- Coat of arms
- Location of Gmina Miejska Górka
- Coordinates (Miejska Górka): 51°39′20″N 16°57′40″E﻿ / ﻿51.65556°N 16.96111°E
- Country: Poland
- Voivodeship: Greater Poland
- County: Rawicz
- Seat: Miejska Górka

Area
- • Total: 103.62 km^{2} (40.01 sq mi)

Population (2006)
- • Total: 9,283
- • Density: 89.59/km^{2} (232.0/sq mi)
- • Urban: 3,128
- • Rural: 6,155
- Website: https://www.miejska-gorka.pl/

= Gmina Miejska Górka =

Gmina Miejska Górka is an urban-rural gmina (administrative district) in Rawicz County, Greater Poland Voivodeship, in west-central Poland. Its seat is the town of Miejska Górka, which lies approximately 9 km north-east of Rawicz and 83 km south of the regional capital Poznań.

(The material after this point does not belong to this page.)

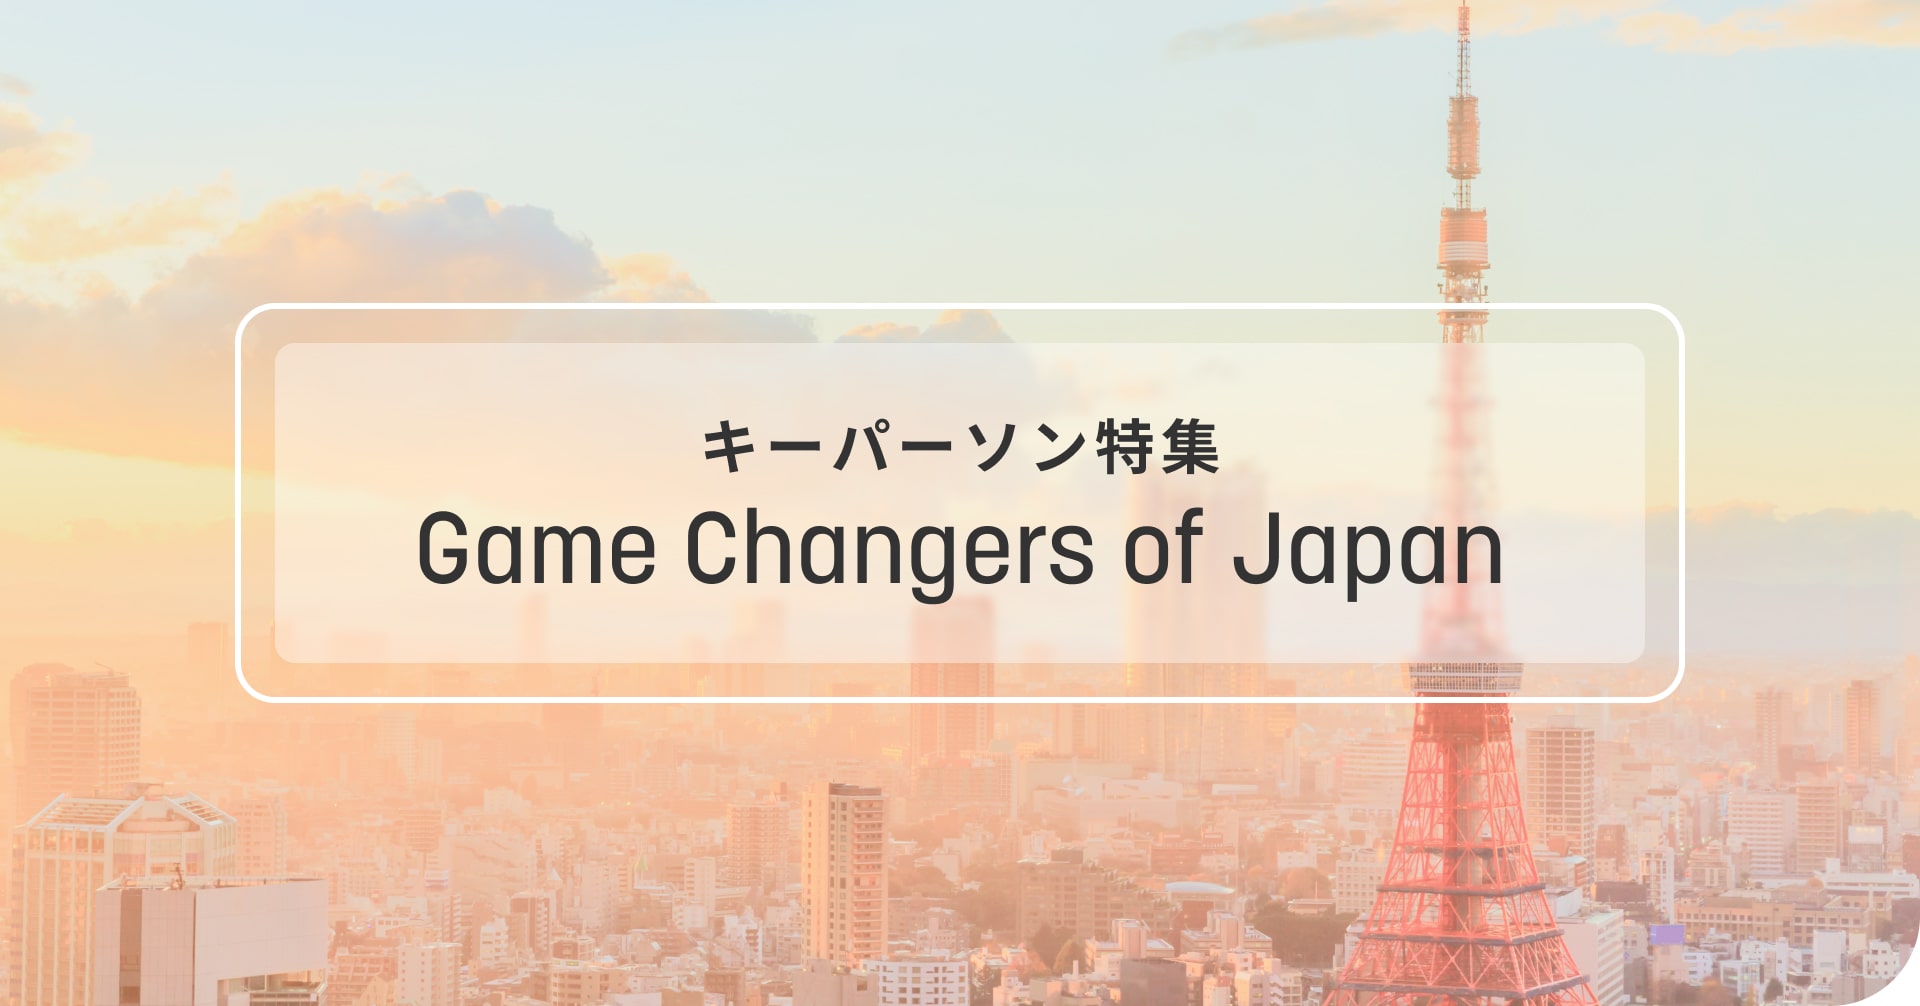 キーパーソン特集: Game Changers of Japan

The gmina covers an area of 103.62 km2, and as of 2006 its total population was 9,283 (out of which the population of Miejska Górka amounted to 3,128, and the population of the rural part of the gmina was 6,155).

==Villages==
Apart from the town of Miejska Górka, Gmina Miejska Górka contains the villages and settlements of Annopol, Dąbrowa, Dłoń, Gostkowo, Jagodnia, Karolinki, Kołaczkowice, Konary, Melanowo, Niemarzyn, Oczkowice, Piaski, Roszkówko, Roszkowo, Rozstępniewo, Rzyczkowo, Sobiałkowo, Topólka, Woszczkowo, Zakrzewo, Zalesie and Zmysłowo.

==Neighbouring gminas==
Gmina Miejska Górka is bordered by the gminas of Bojanowo, Jutrosin, Krobia, Pakosław, Pępowo, Poniec and Rawicz.